刚才被要走换洗出阵服的太刀发现近侍大人再次光临自己的房间,只能放下了手中的茶杯,无奈地问:“这次又有什么事?是要点心,还是又想买什么东西?”
堀川国广明白烛台切光忠的态度并非针对自己。他说:“主人说,让管钱的付丧神过去找他,大概是想买什么东西吧。”
回答过烛台切的问题后,黑发胁差提醒道:“烛台切,审神者刚才在一个小时内一口气手入了所有受伤的短刀,还用灵力给他们做了保养……”
在审神者麻逡的本丸里,三花的烛台切光忠处境比稀有刀一期一振要好得多。
也许在都彭眼中,他是个欺负就欺负了、不会有亲友帮忙出头、孤独的小可怜,可从麻逡的角度思考,没有亲友实装就意味着没有可供胁迫的弱点,也不会因为自己对短刀的态度而仇恨自己。
他比一期一振高大,长相和打扮都比一期一振更具侵略性,除了过分注重外表看不出其他特点。在没有跟付丧神彻底翻脸陷入疯狂之前,麻逡敢一次次试探一期一振的底线,却不敢对烛台切光忠过分。
何况他还掌管着厨房,怕死的宅男因此更是对他多了一丝敬畏。
基于这些原因,缓冲审神者和粟田口刀派关系,帮助和保护短刀们最多的,除了次郎太刀外,还有这振被审神者委以重任的烛台切光忠。

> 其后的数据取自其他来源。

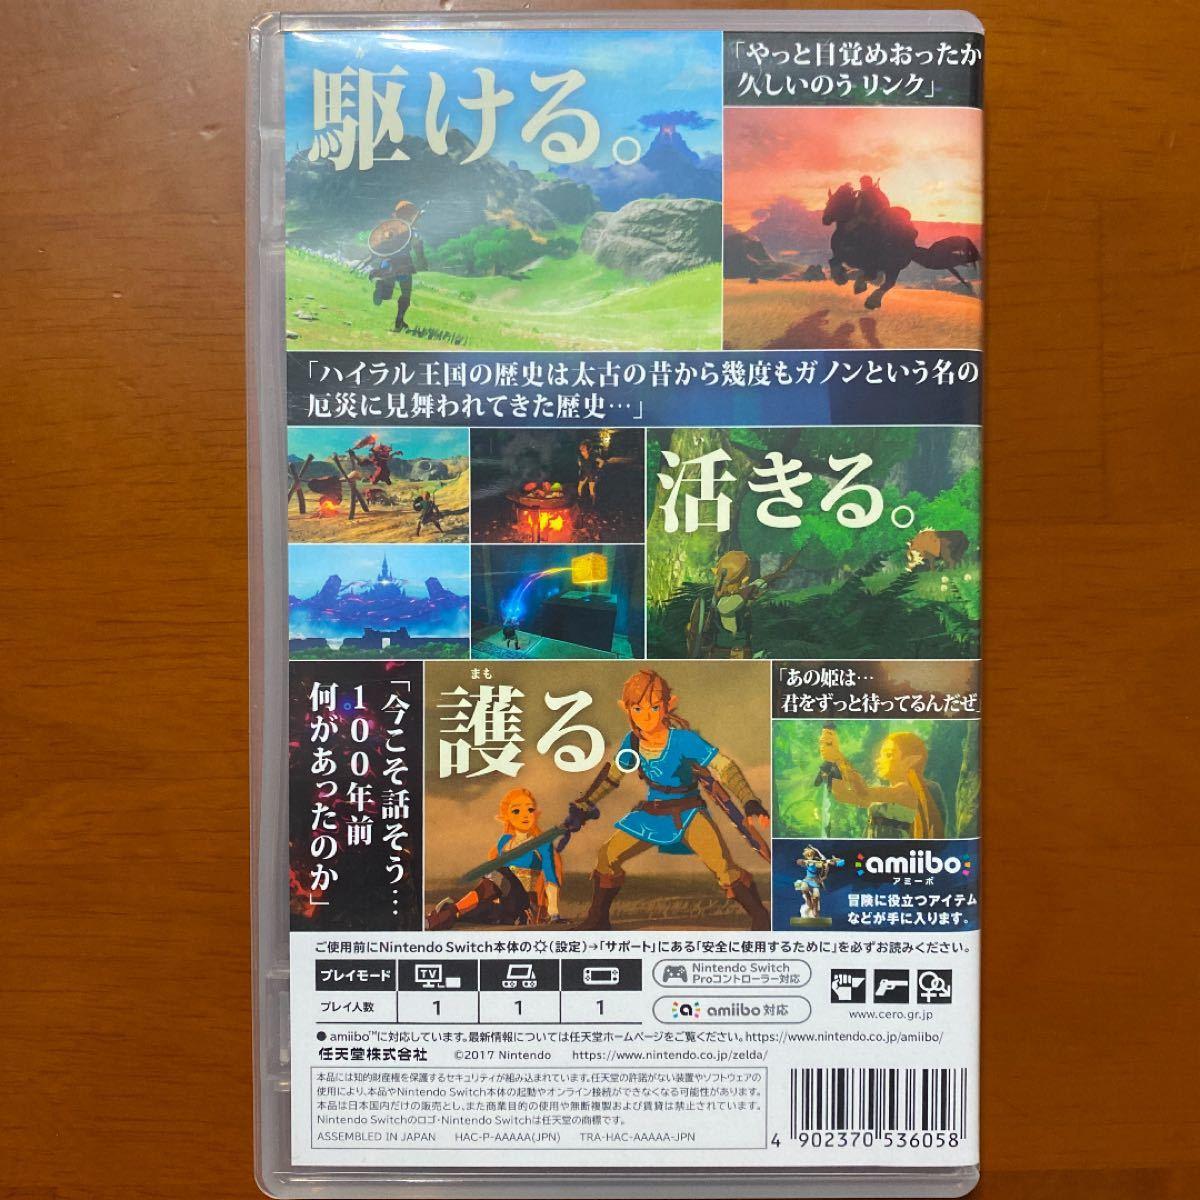 【Switch】 ゼルダの伝説 ブレス オブ ザ ワイルド [通常版]

他会在采买和记账中抓住机会偷偷攒下一些钱,从其他审神者那里买些下品刀装,给他们带一点糖果……
和次郎太刀当面插科打诨帮短刀周旋不同,烛台切的这种在花销上做手脚的事一旦被发现,必然会触怒审神者。堀川国广把之前不好的预感归结于此,提醒道:“你小心点,不要说多余的话。”
“手入室的事我已经听说了。”烛台切光忠挑了挑眉,站起来整理仪表,从柜子里取出账本,与堀川国广擦肩而过,沉稳地说,“放心吧,我知道该怎么做。”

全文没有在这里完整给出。